In conclusion, the most performing hybrid model is CSL+Chopper, which provided the lowest total cost of 100 when penalizing the classifier with the cost of 2. We observe that 76% of the predictions are really correctly classified and not by chance, only 1% of shill bidders are undetected, and 28% of normal bidders are misclassified. Moreover, by comparing CSL+Yatsi-IBK with CSL+Chopper, we find out that both models are very accurate in classifying bidders into normal and fraudsters with a Recall of 0.97 and 0.99 respectively.

Furthermore, the classifier CSL+Chopper outperforms the regular Chopper model developed in [9] by minimizing the misclassification error of the fraud class by 14% and increasing the accuracy by 17%. Indeed, Chopper (using re-balanced data) returned a FNR of 0.15 and CSL+Chopper (using original imbalanced data) a FNR of 0.01. Chopper provided a Recall of 0.82 and CSL+Chopper a Recall of 0.99. Since these gaps are significant in the fraud detection field, we can conclude that CSL+SSC classifier is the best fit for our fraud detection problem.

7 Conclusion and Future Work

In our study, we successfully incorporated a meta cost-sensitive learning method into the semi-supervised classification environment to achieve three essential benefits: 1) learn with few labeled data because it is time-consuming to annotate multi-dimensional fraud data, 2) manage the costs of misclassification errors so that the fraud class, which is the target of the investigation, has the highest penalty, and 3) tackle the imbalanced learning problem at the algorithm level, so that only the real behaviour of bidders/users is considered during training. Using a real fraud dataset, we conducted an in-depth evaluation and comparison of the performance of several hybrid models of cost-sensitive and semi-supervised classifiers. CSL+Chopper (based on Naive Bayes and Random Forest) is the most performing model concerning the error minimization and accuracy maximization. This fraud model was able to detect 99% of shill bidders with the lowest total cost of 100. Also, CSL+Chopper outperforms the regular Chopper.

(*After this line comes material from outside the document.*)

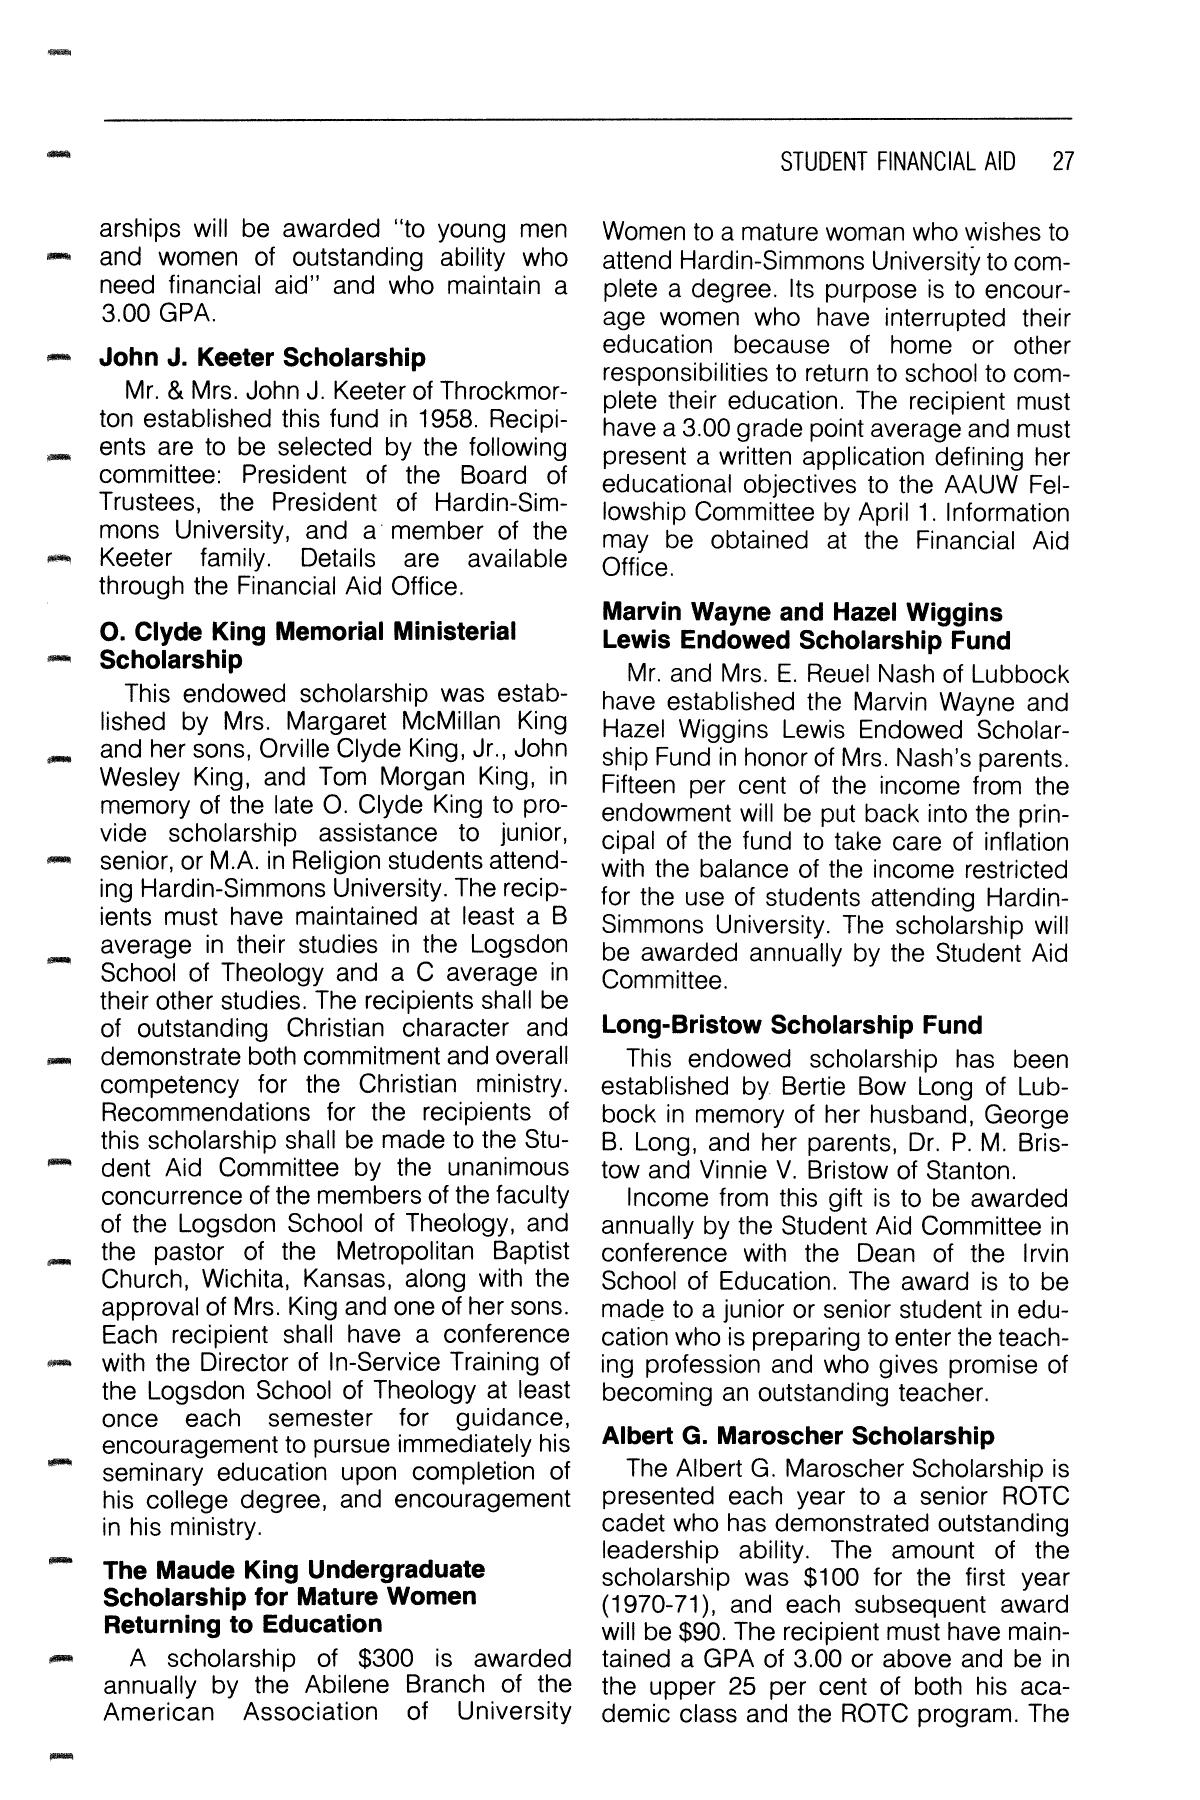 Catalog of Hardin-Simmons University, 1985-1986 Undergraduate Bulletin
                                                
                                                    27

For future work, we plan to investigate the interactive active learning method. The latter first chooses the most relevant data and then asks the developer or expert to suggest a label for the chosen data. Our goal is to examine how semi-supervised classifiers would be affected by the selected labeled data. We are also interested in conducting a comparison of our semi-supervised classifiers with the chunk-based incremental classification method defined in [2]. The latter has also been used to tackle the scarcity of labeled data in the fraud detection domain.